> **What is required**: Set down only these lines, exactly: the line containing "Bite Me Hoop Earrings in Gold" and all lines through the end of the data below. Omit pictures.

> **Data provided**:

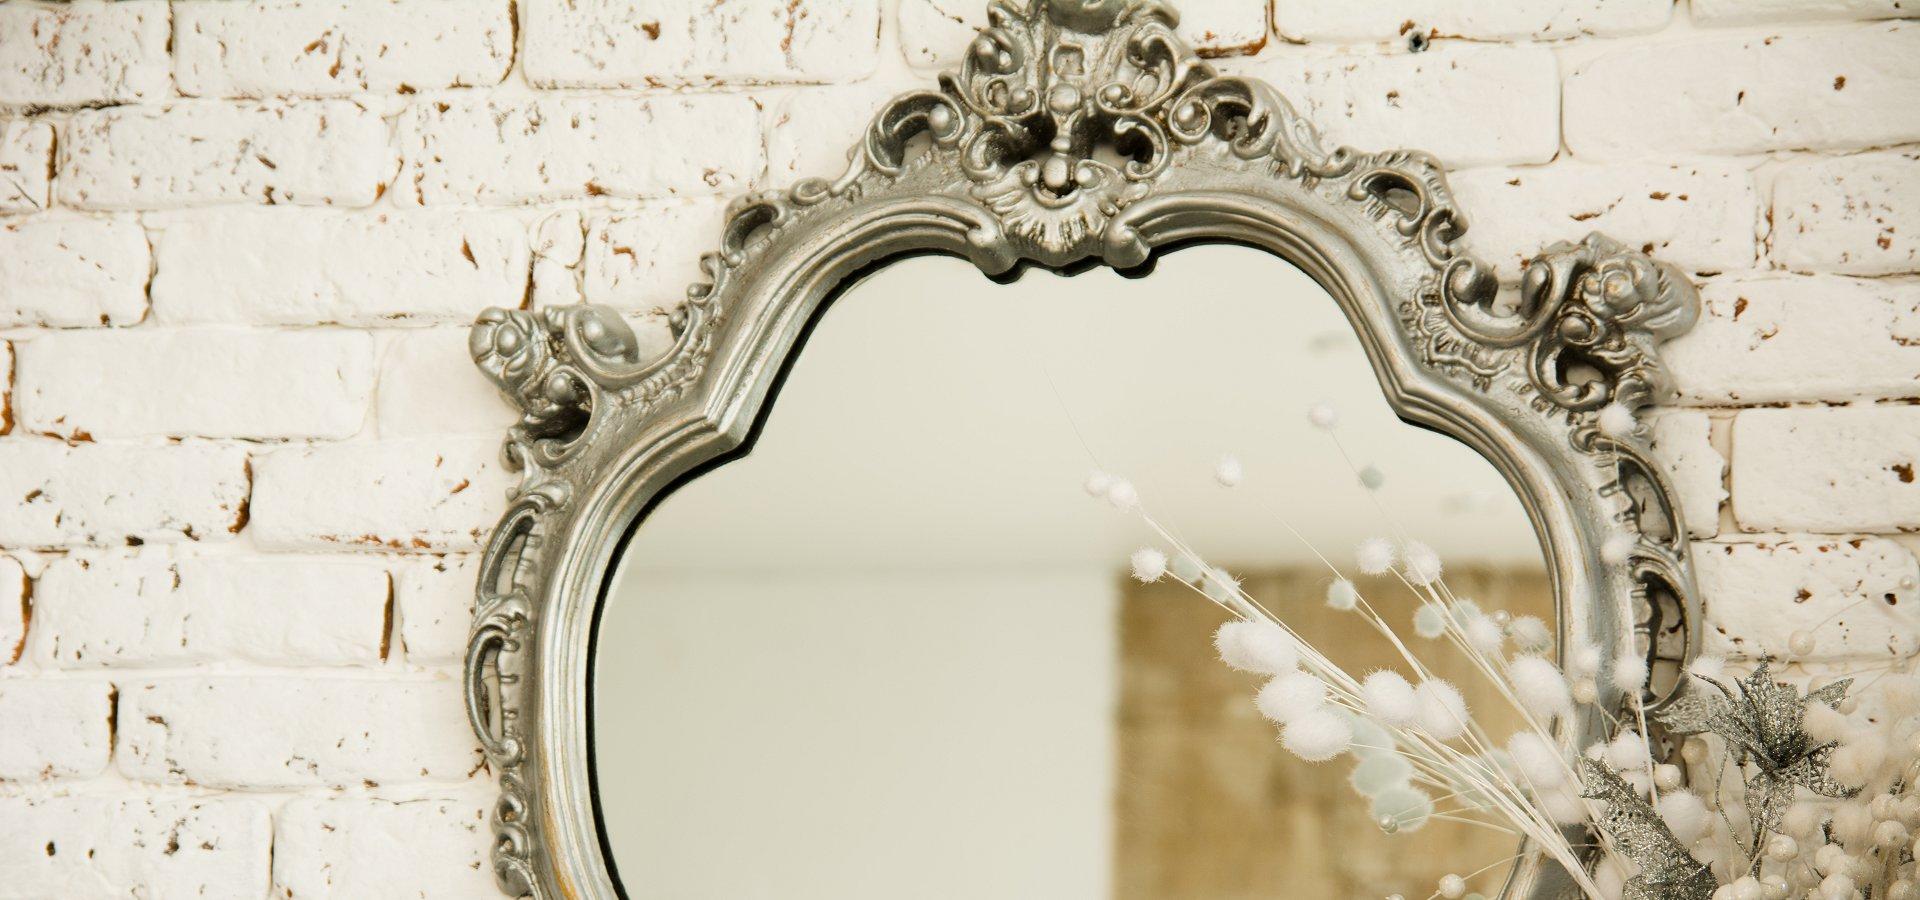 Antique Mirrors 617 338 6038
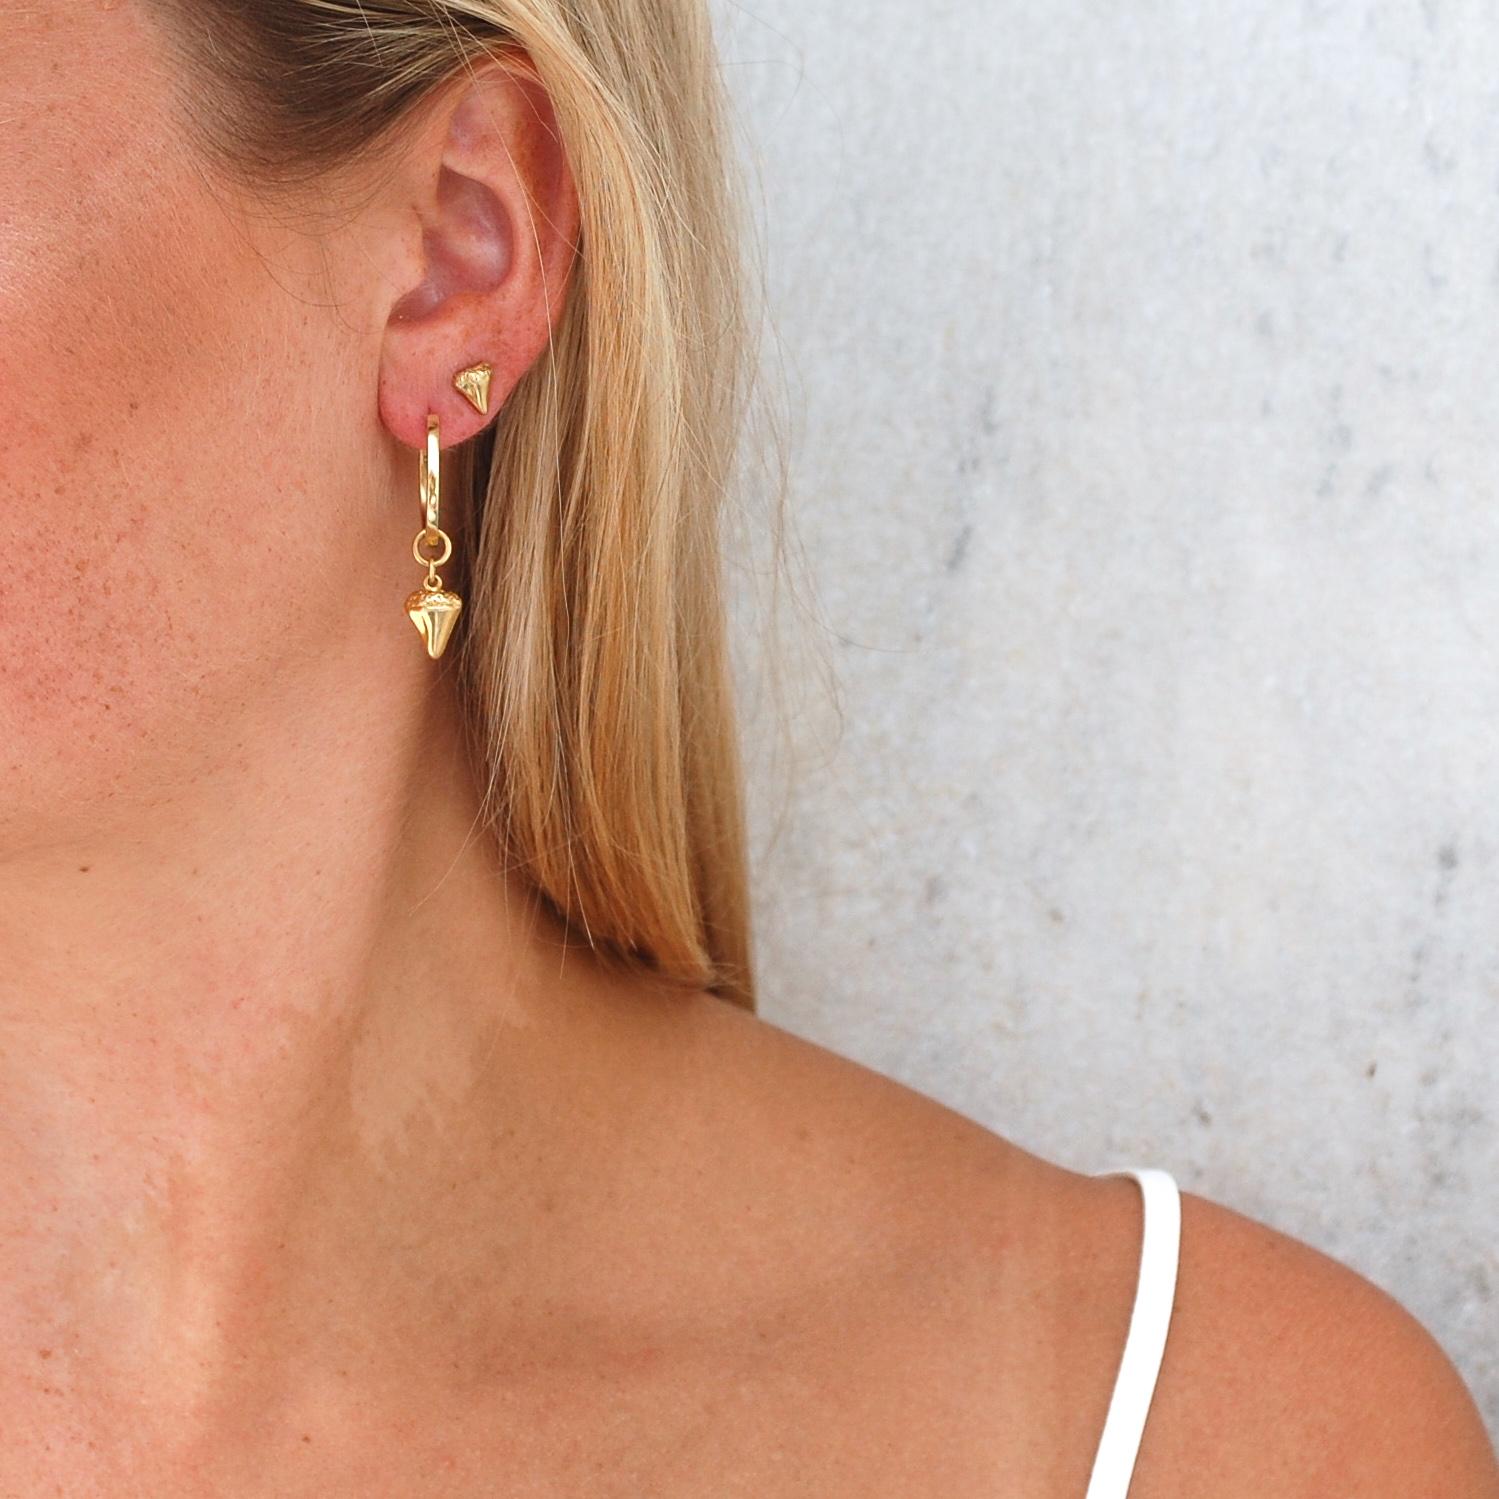 Bite Me Hoop Earrings in Gold
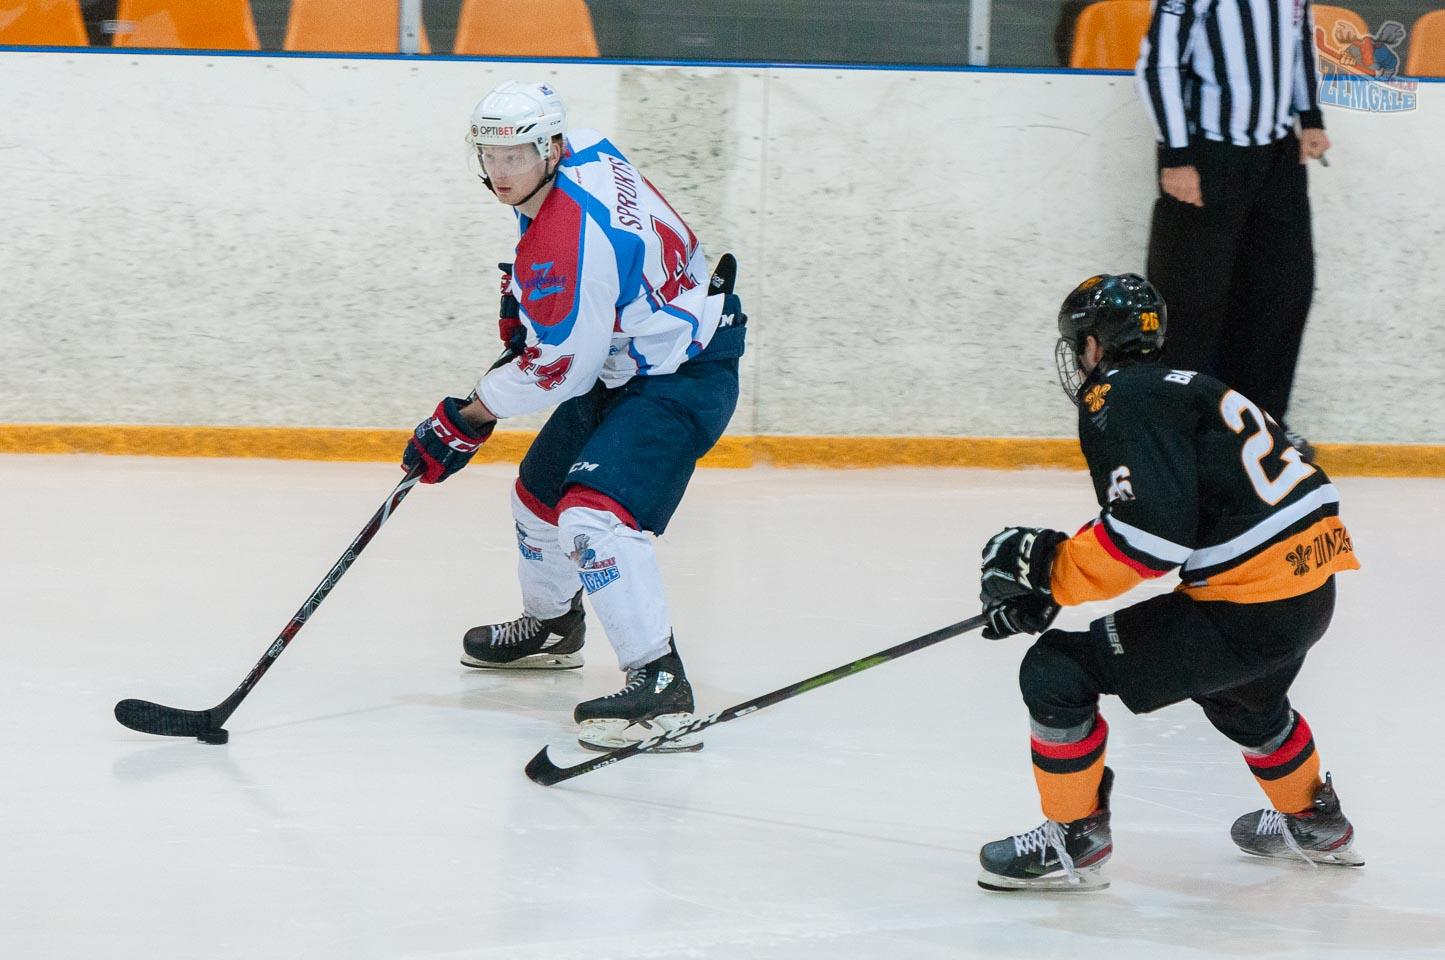 Hokejists Sprukts ar ripu atrāvies no pretinieka
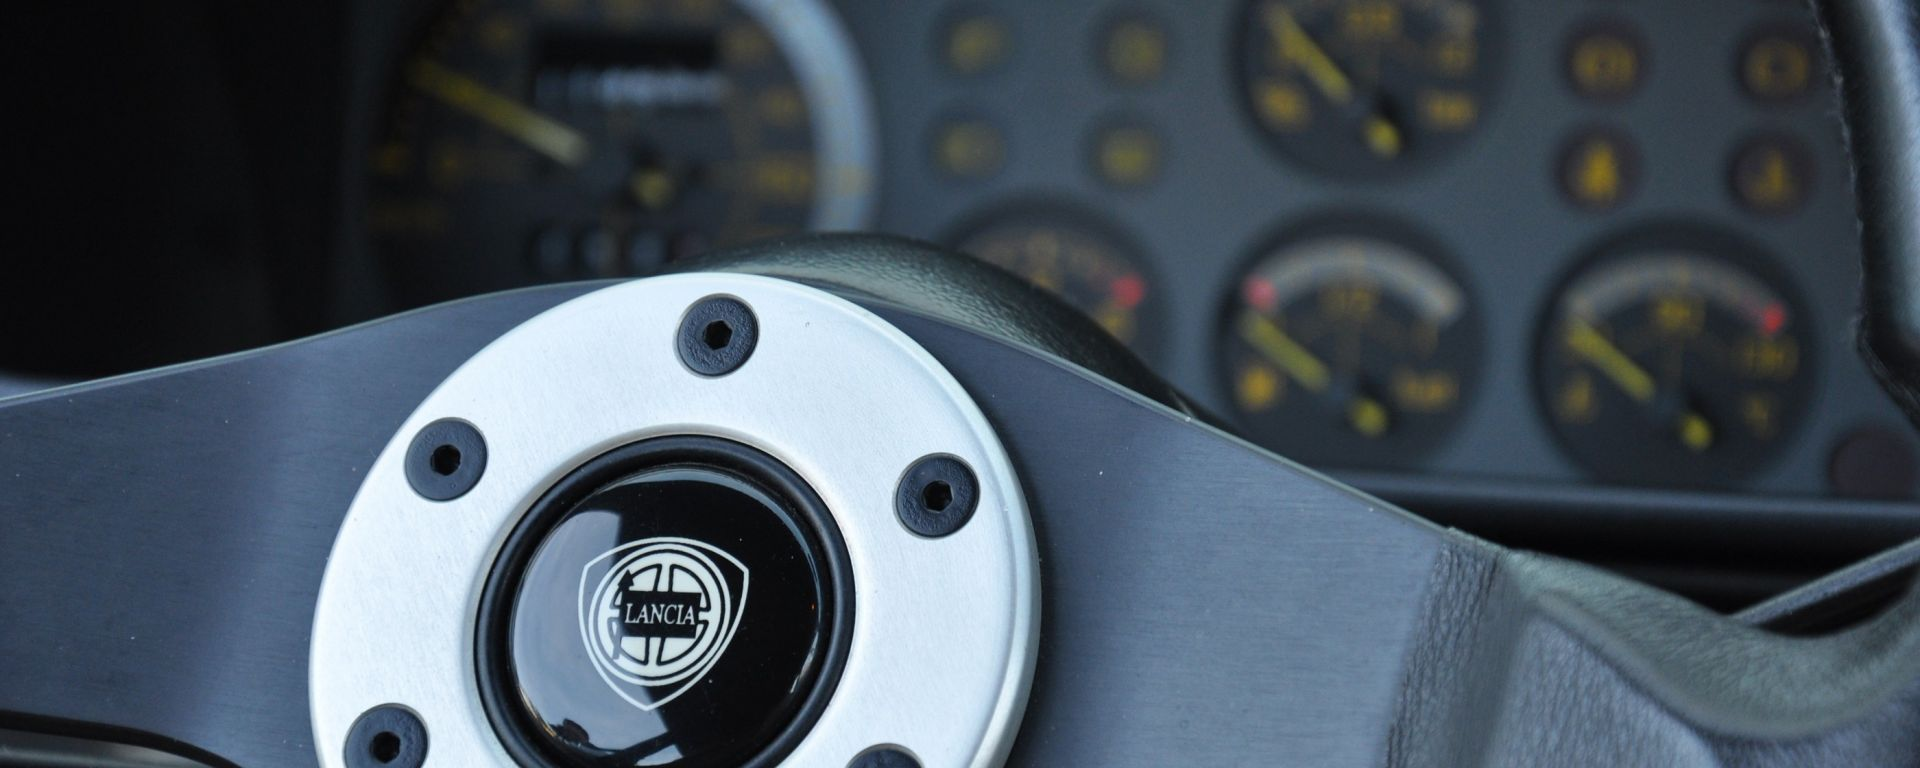 Abitacolo e interni della Lancia Delta HF Integrale
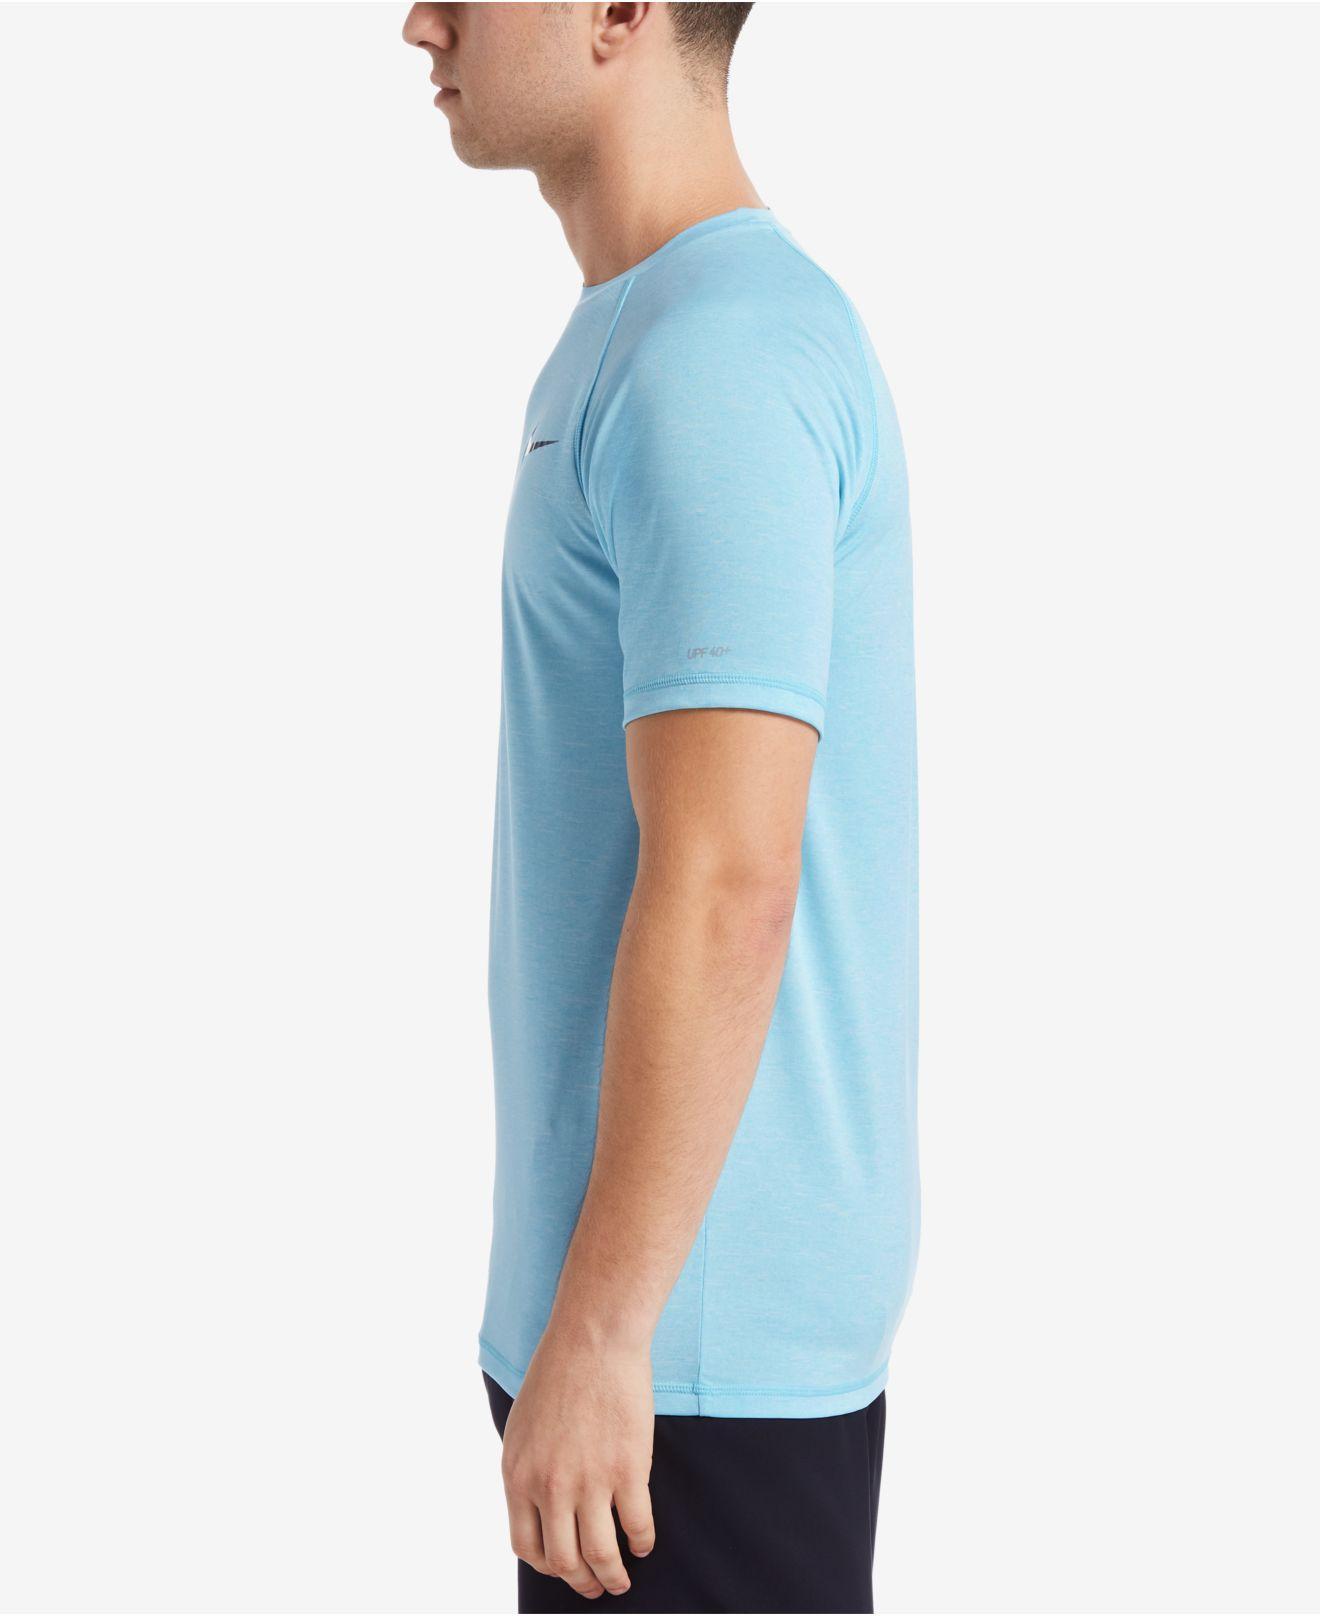 85babaec Nike - Blue Big & Tall Dri-fit Heather Hydroguard Upf 40 Rashguard Swim Tee.  View fullscreen

> **Task response**:
 Bite Me Hoop Earrings in Gold
 Hokejists Sprukts ar ripu atrāvies no pretinieka
 Abitacolo e interni della Lancia Delta HF Integrale
 85babaec Nike - Blue Big & Tall Dri-fit Heather Hydroguard Upf 40 Rashguard Swim Tee.  View fullscreen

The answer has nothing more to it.